/tensorflow/tensorboard/http_api.md
Markdown | 344 lines | 281 code | 63 blank | 0 comment | 0 complexity | 8c26a3ae26e1806607721212bdb0f9d2 MD5 | raw file
- # Tensorboard client-server HTTP API
- ## Runs, Tags, and Tag Types
- TensorBoard data is organized around the concept of a `run`, which represents
- all the related data thrown off by a single execution of TensorFlow, a `tag`,
- which groups values of data that come from the same source within a TensorFlow
- run, and `tag types`, which are our way of distinguishing different types of
- data that have fundamentally different representations and should be processed
- on different code paths. For example, a "train" run may have a `scalars`
- tag that represents the learning rate, another `scalars` tag that
- represents the value of the objective function, a `histograms` tag that reveals
- information on weights in a particular layer over time, and an `images` tag that
- shows input images flowing into the system. The "eval" run might have an
- entirely different set of tag names, or some duplicated tag names.
- The currently supported tag types are `scalars`, `images`, `audio`,
- `histograms`, `graph` and `run_metadata`. Each tag type corresponds to a route
- (documented below) for retrieving tag data of that type.

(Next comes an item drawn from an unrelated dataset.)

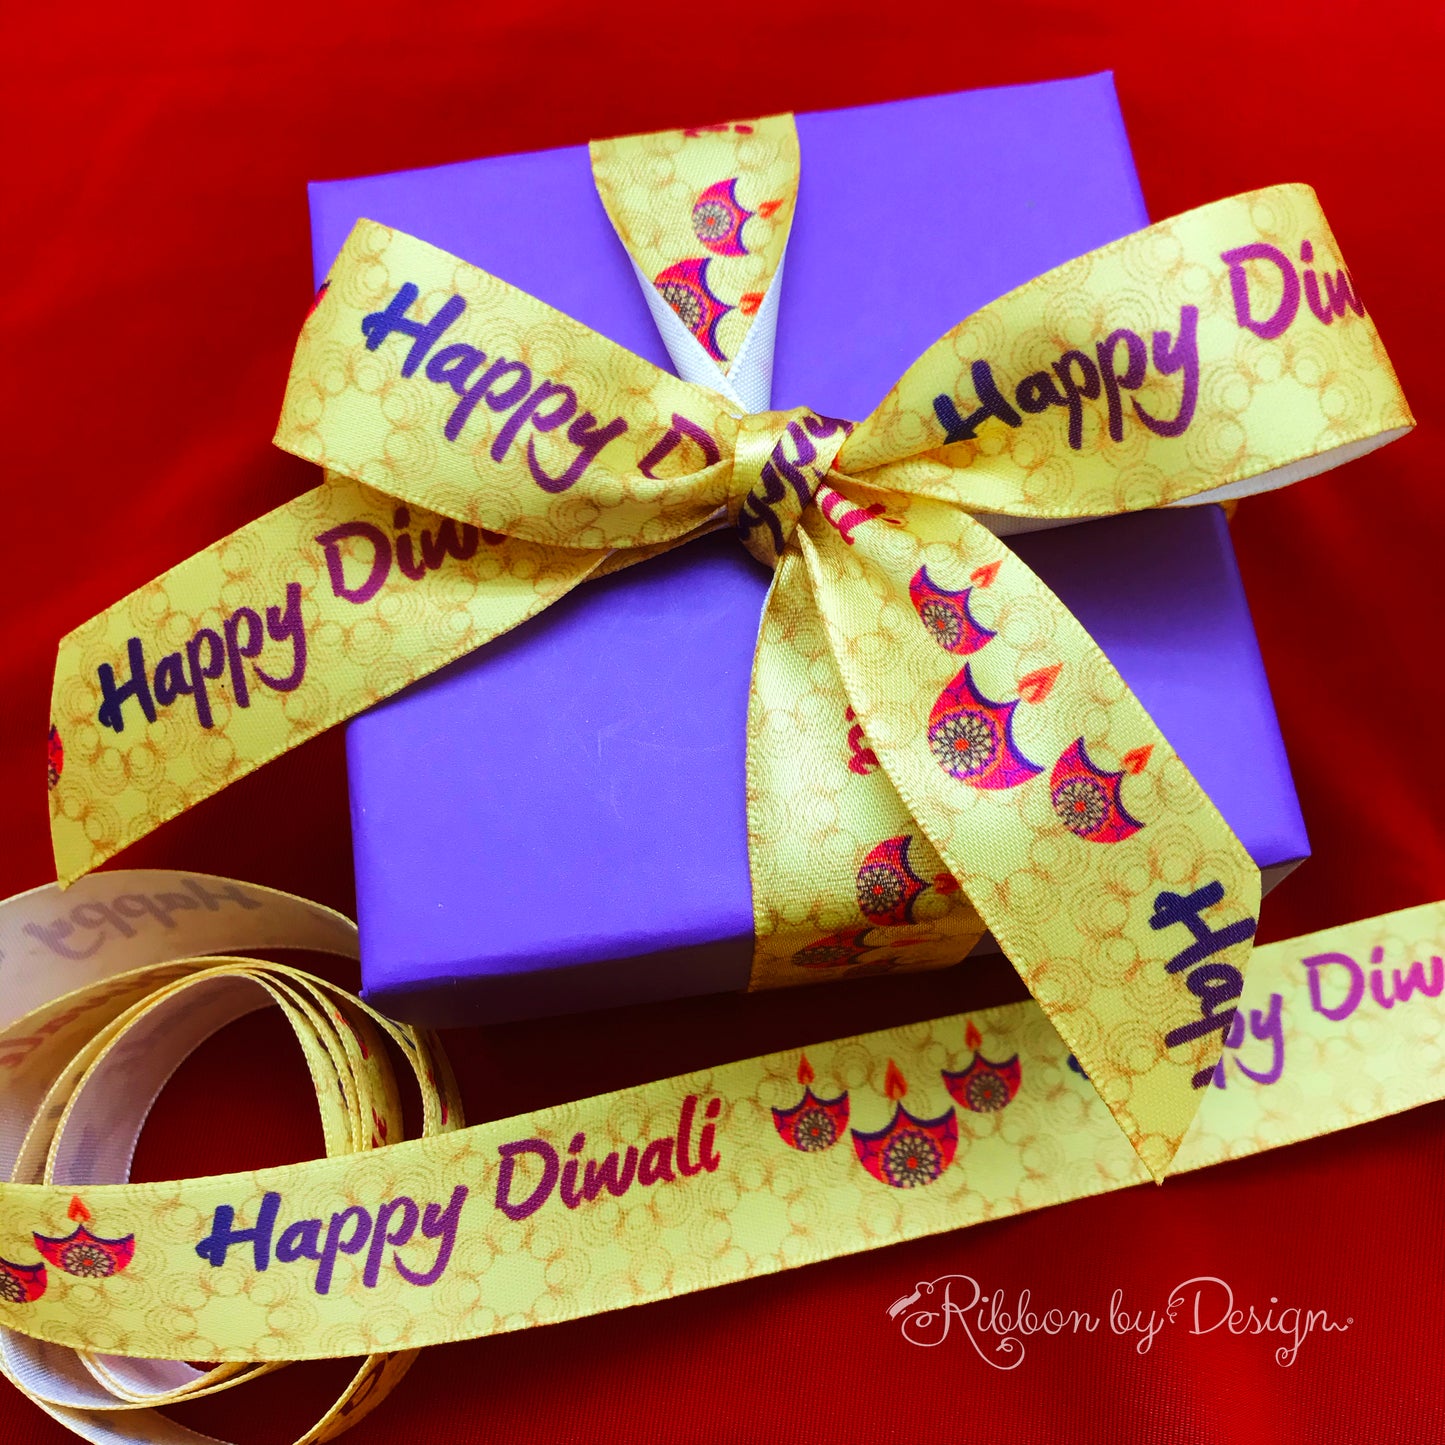 Happy Diwali ribbon with pink lamps on a yellow swirled background printed on7/8" white single face satin

- All of the data provided comes from TensorFlow events files ('\*.tfevents\*'),
- which are written using the SummaryWriter class
- (tensorflow/python/training/summary_writer.py), and the data is generated by
- summary ops (tensorflow/python/ops/summary_ops.py). The `scalars` come from the
- `ScalarSummary` op, the `histograms` from the `HistogramSummary`, the `audio`
- from the `AudioSummary`, and the `images` from `ImageSummary`. The tag type
- `graph` is special in that it is not a collection of tags of that type, but a
- boolean denoting if there is a graph definition associated with the run. The tag
- is provided to the summary op (usually as a constant).
- ## `data/runs`
- Returns a dictionary mapping from `run name` (quoted string) to dictionaries
- mapping from all available tagTypes to a list of tags of that type available for
- the run. Think of this as a comprehensive index of all of the data available
- from the TensorBoard server. Here is an example:
- {
- "train_run": {
- "histograms": ["foo_histogram", "bar_histogram"],
- "compressedHistograms": ["foo_histogram", "bar_histogram"],
- "scalars": ["xent", "loss", "learning_rate"],
- "images": ["input"],
- "audio": ["input_audio"],
- "graph": true,
- "run_metadata": ["forward prop", "inference"]
- },
- "eval": {
- "histograms": ["foo_histogram", "bar_histogram"],
- "compressedHistograms": ["foo_histogram", "bar_histogram"],
- "scalars": ["precision", "recall"],
- "images": ["input"],
- "audio": ["input_audio"],
- "graph": false,
- "run_metadata": []
- }
- }
- Note that the same tag may be present for many runs. It is not guaranteed that
- they will have the same meaning across runs. It is also not guaranteed that they
- will have the same tag type across different runs.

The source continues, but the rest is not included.